A nova geração da robótica

No último domingo (04/08), André Bianchi, aluno do 8º ano, Luisa Domingos Morettin, Leo Cassettari Musa e Miguel Sanchez Pereira, do 6º ano do Colégio, ganharam medalha de bronze na etapa regional da Olimpíada Brasileira de Robótica (OBR) e se classificaram para a etapa estadual.

Os alunos, que fazem parte do time de robótica, se reúnem às segundas-feiras, sob a supervisão do técnico Léo Inoue, para aprender fundamentos de programação e montar robôs.

Na sexta-feira que antecedeu a competição, a nova geração contou com o auxílio luxuoso dos veteranos da robótica no Colégio: Rafael Piacsek, Daniel Peres e Guilherme Missaka. Os ex-alunos, que atualmente estudam fora do Brasil, aproveitaram as férias para visitar a sala Maker e dar dicas e apoio ao time. “Quando começamos, há 5 ou 6 anos, não tinha nem uma sala para o time de robótica. Éramos eu e o Missaka, na raça”, conta Peres, estudante de Sistemas Cognitivos, na University of British Columbia (UBC), em Vancouver, Canadá. “É muito bacana voltar e ver que o trabalho que começamos deu frutos.
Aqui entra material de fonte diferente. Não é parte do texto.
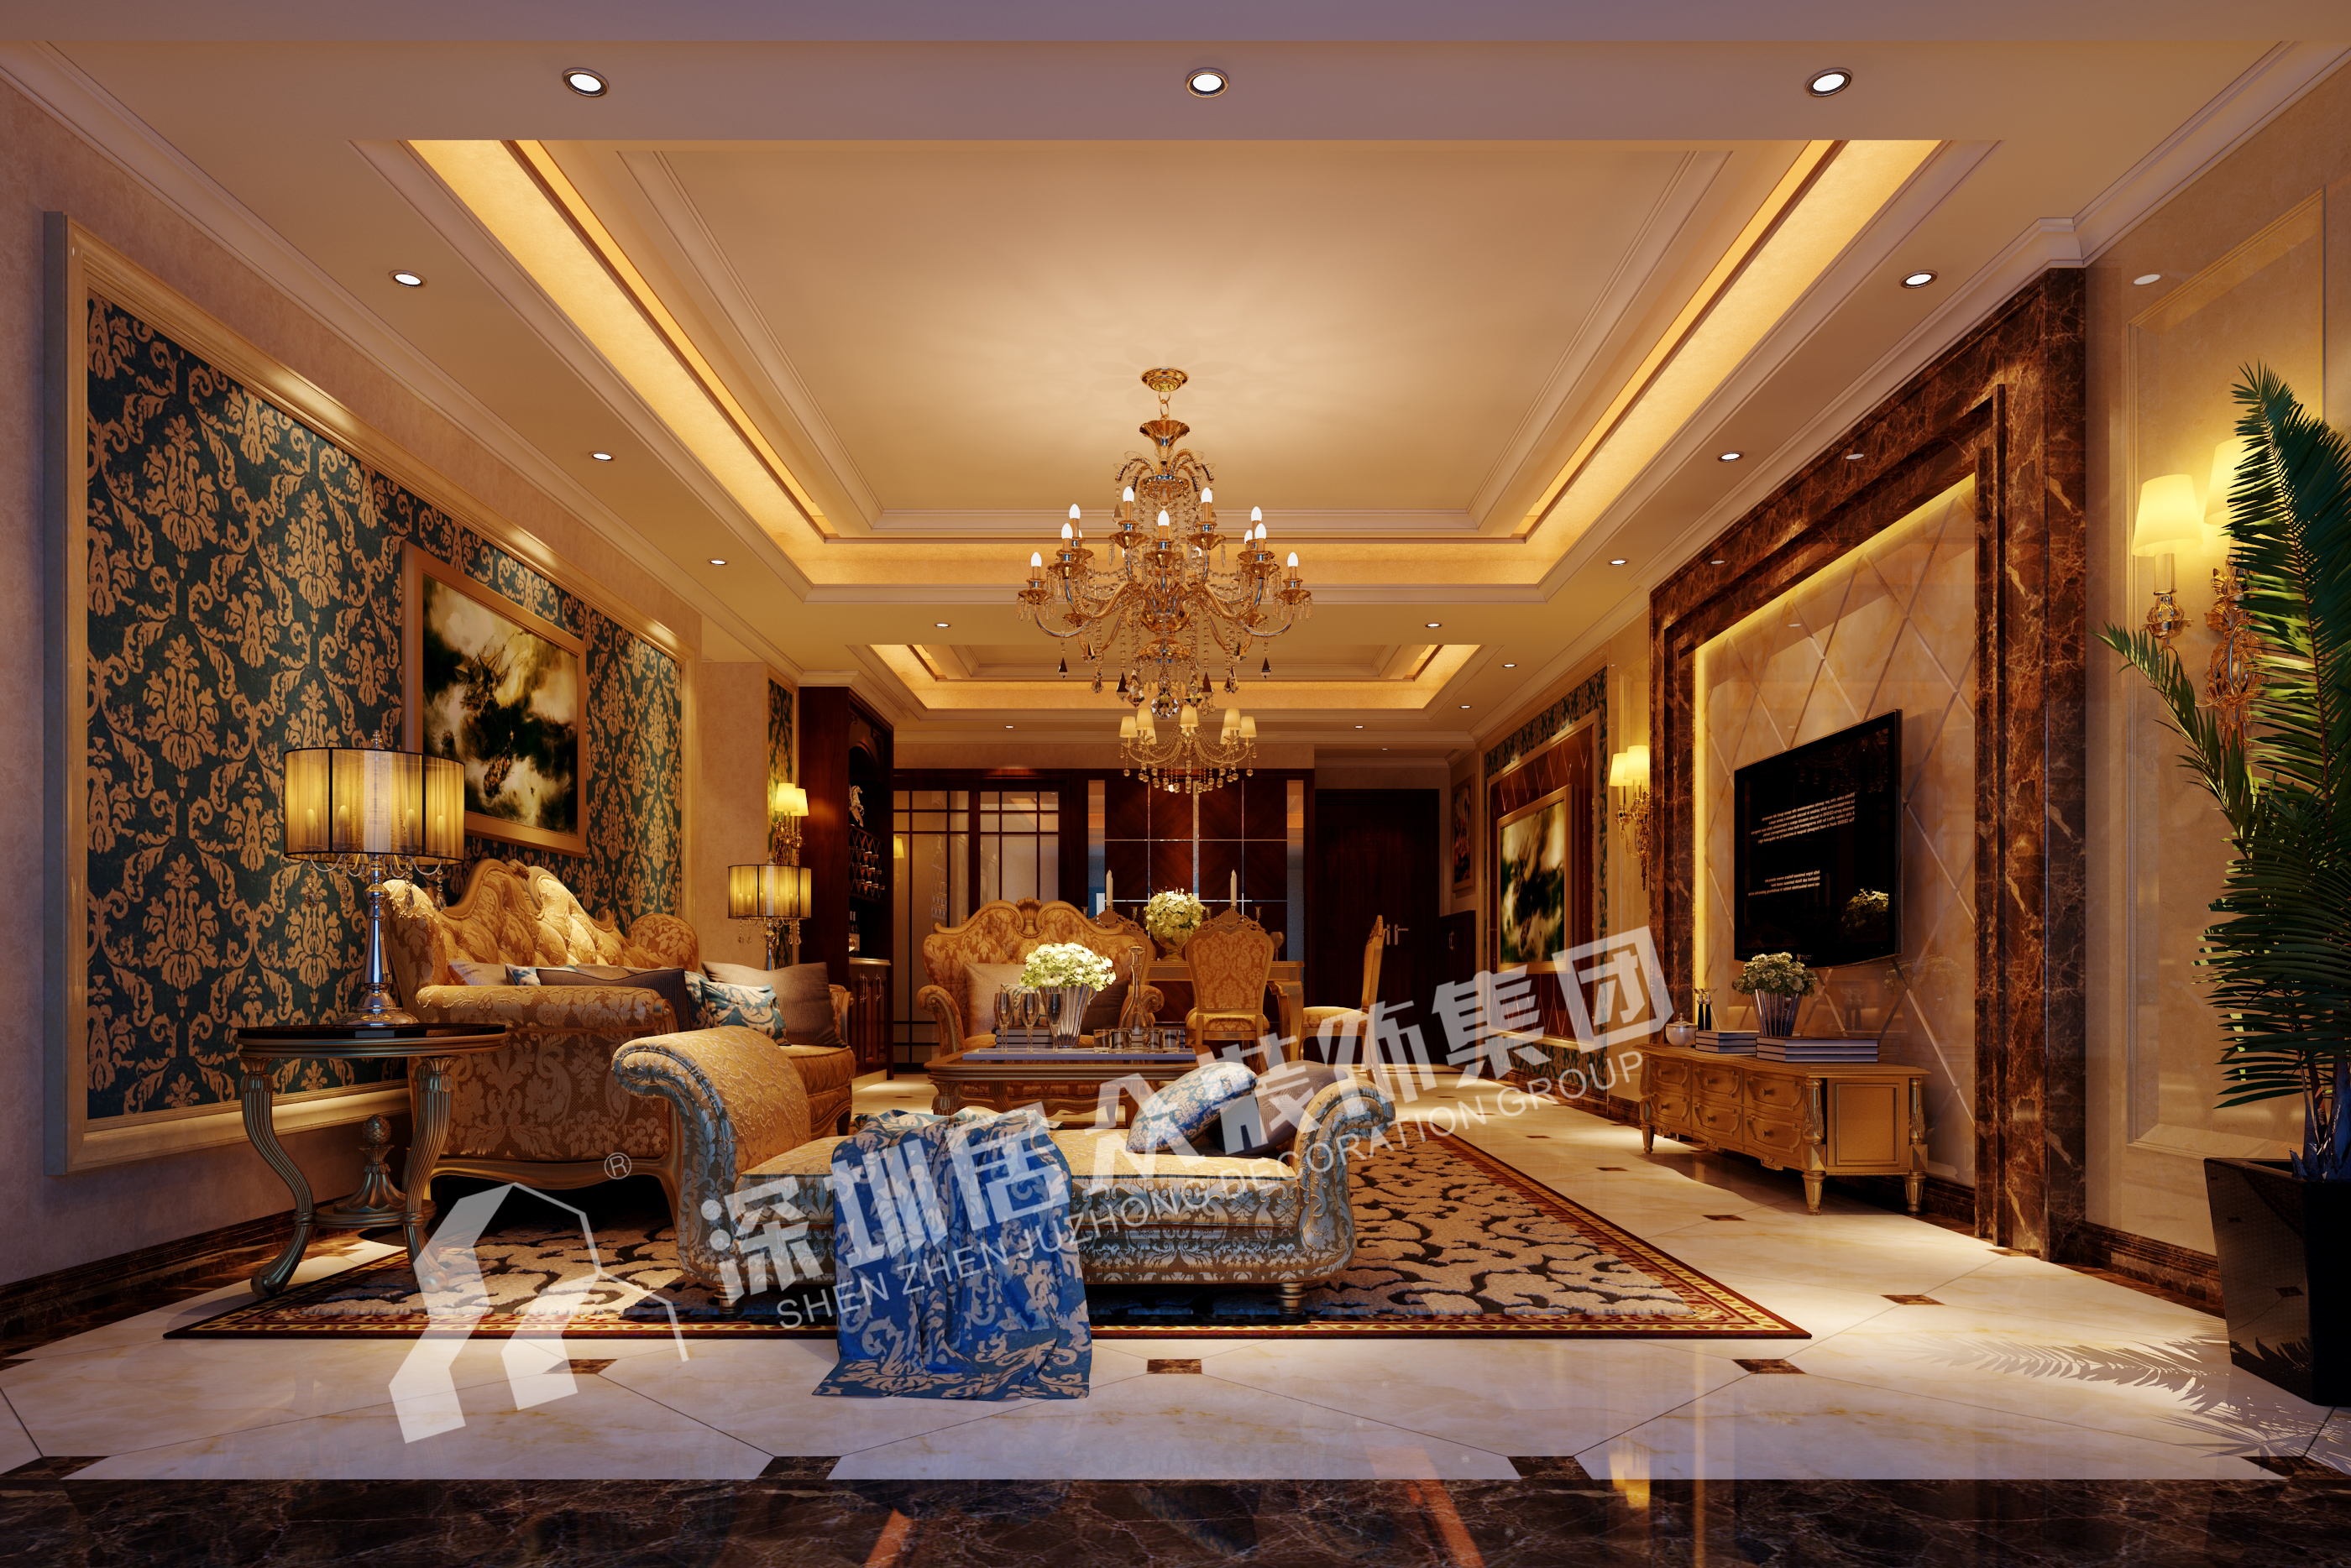 欧式 小资 白领 客厅图片来自半城烟沙5949758236在国际社区江御——欧式风格的分享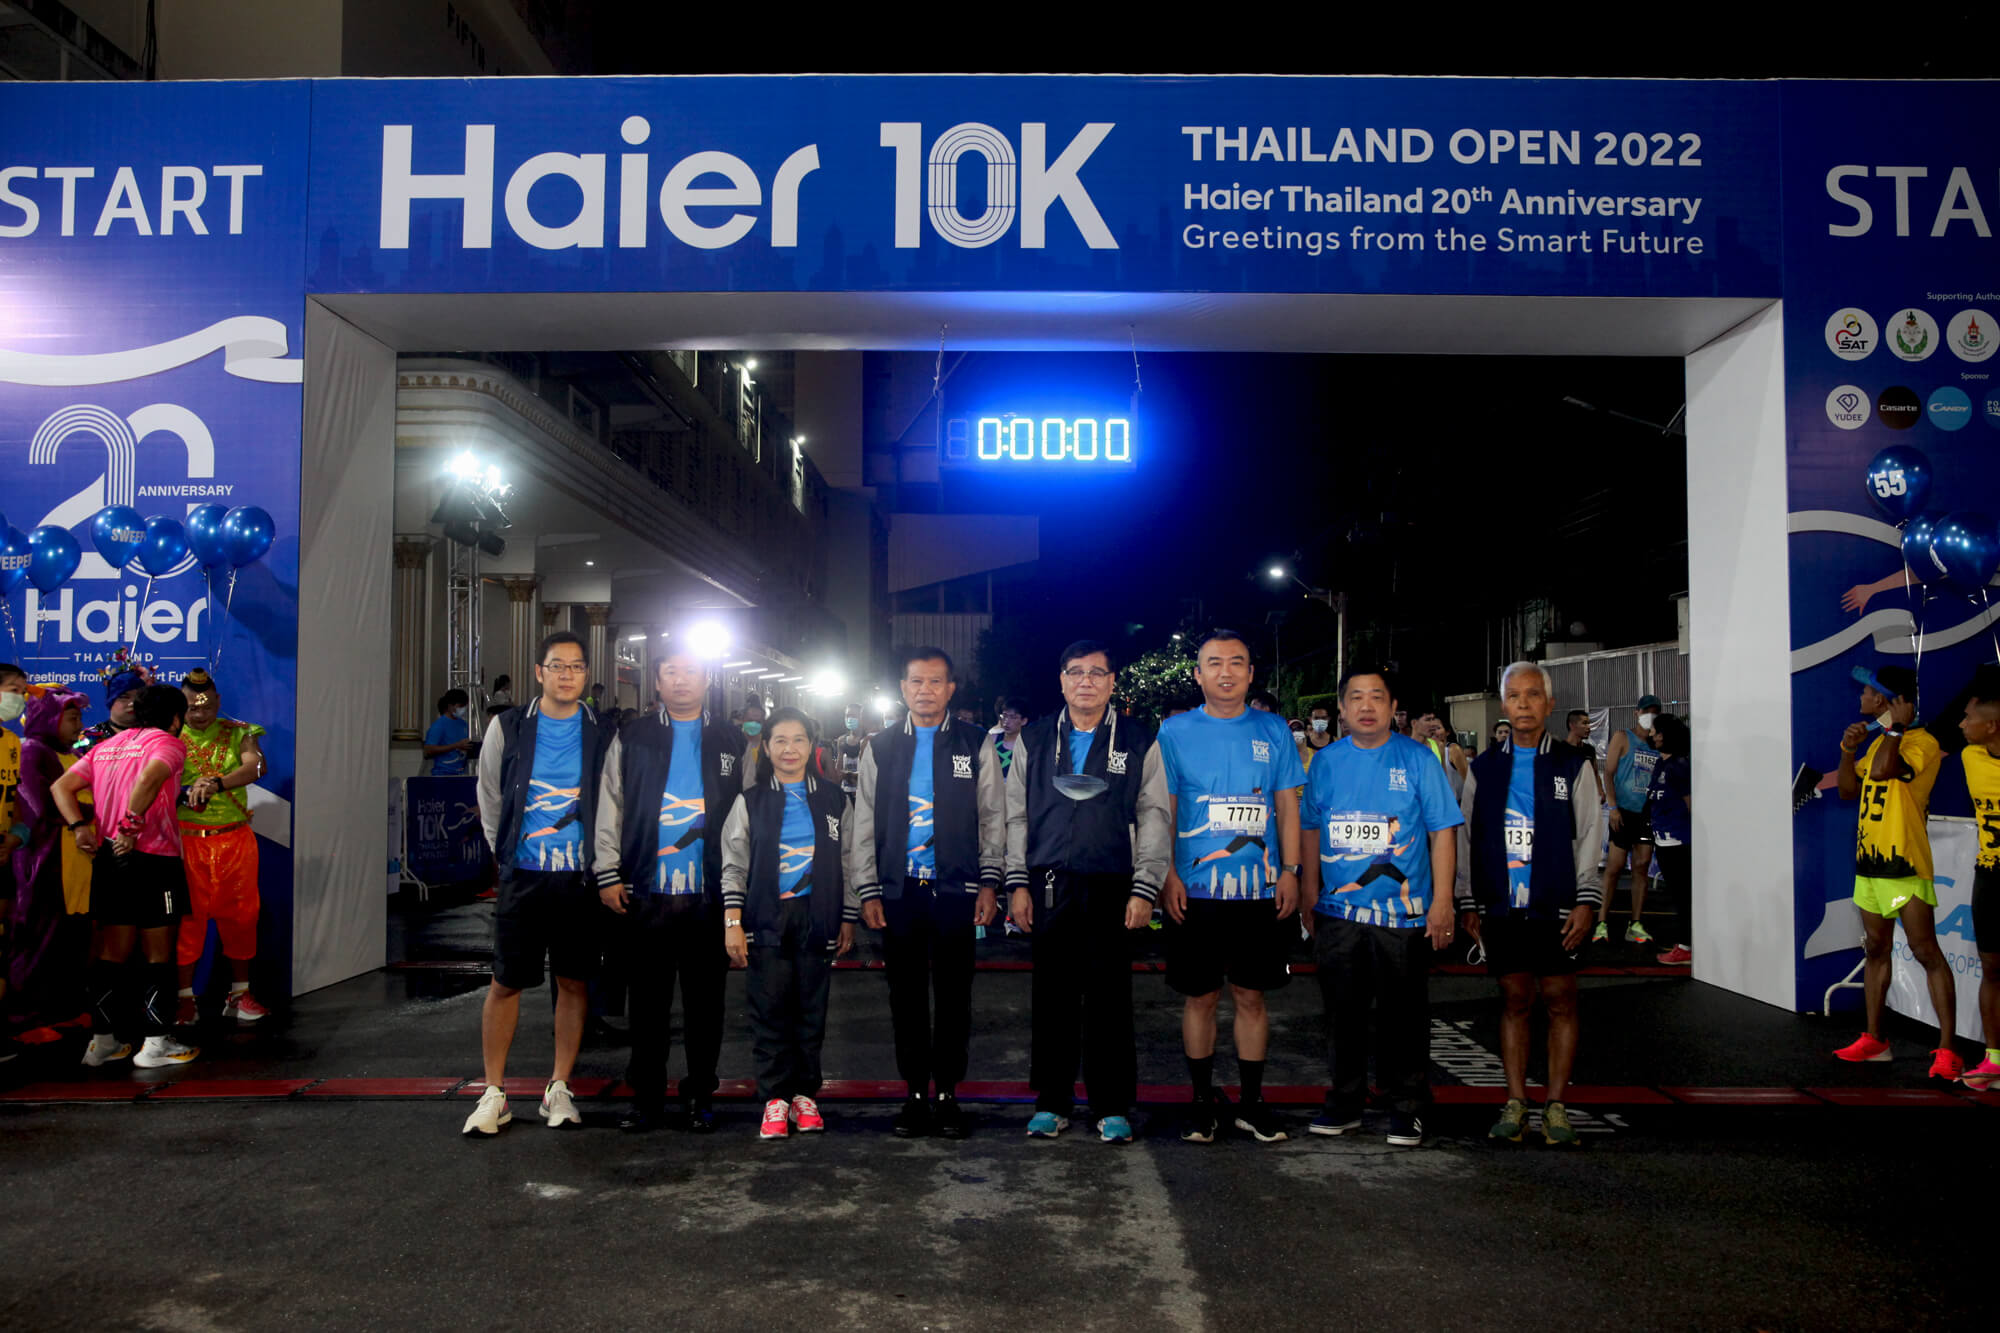 สุดคึกคัก! งานวิ่งมินิมาราธอนครั้งใหญ่แห่งปี “Haier 10K Thailand Open 2022”

Agora o time tem até técnico”, completa Guilherme Missaka, estudante de Engenharia na Harvey Mudd College (HMC), em Claremont, Califórnia.

Enquanto fazia os últimos ajustes em seu robô, Guilherme Suranyi, da 1ª série do Ensino Médio, ouvia os pitacos de programação de Piacsek. “Foi aqui no Santa Cruz que me interessei por programação, ainda no Fundamental 2. Fui autodidata, mas sempre contei com a parceria dos professores e desenvolvi vários programas. Fico feliz de poder retribuir.”

Léo Inoue vê com bons olhos essa interação entre gerações. “A robótica não tem um currículo fechado, cada um pode se desenvolver em sua área de interesse. Também favorece o trabalho em equipe e os mais velhos passam experiência para os mais novos.”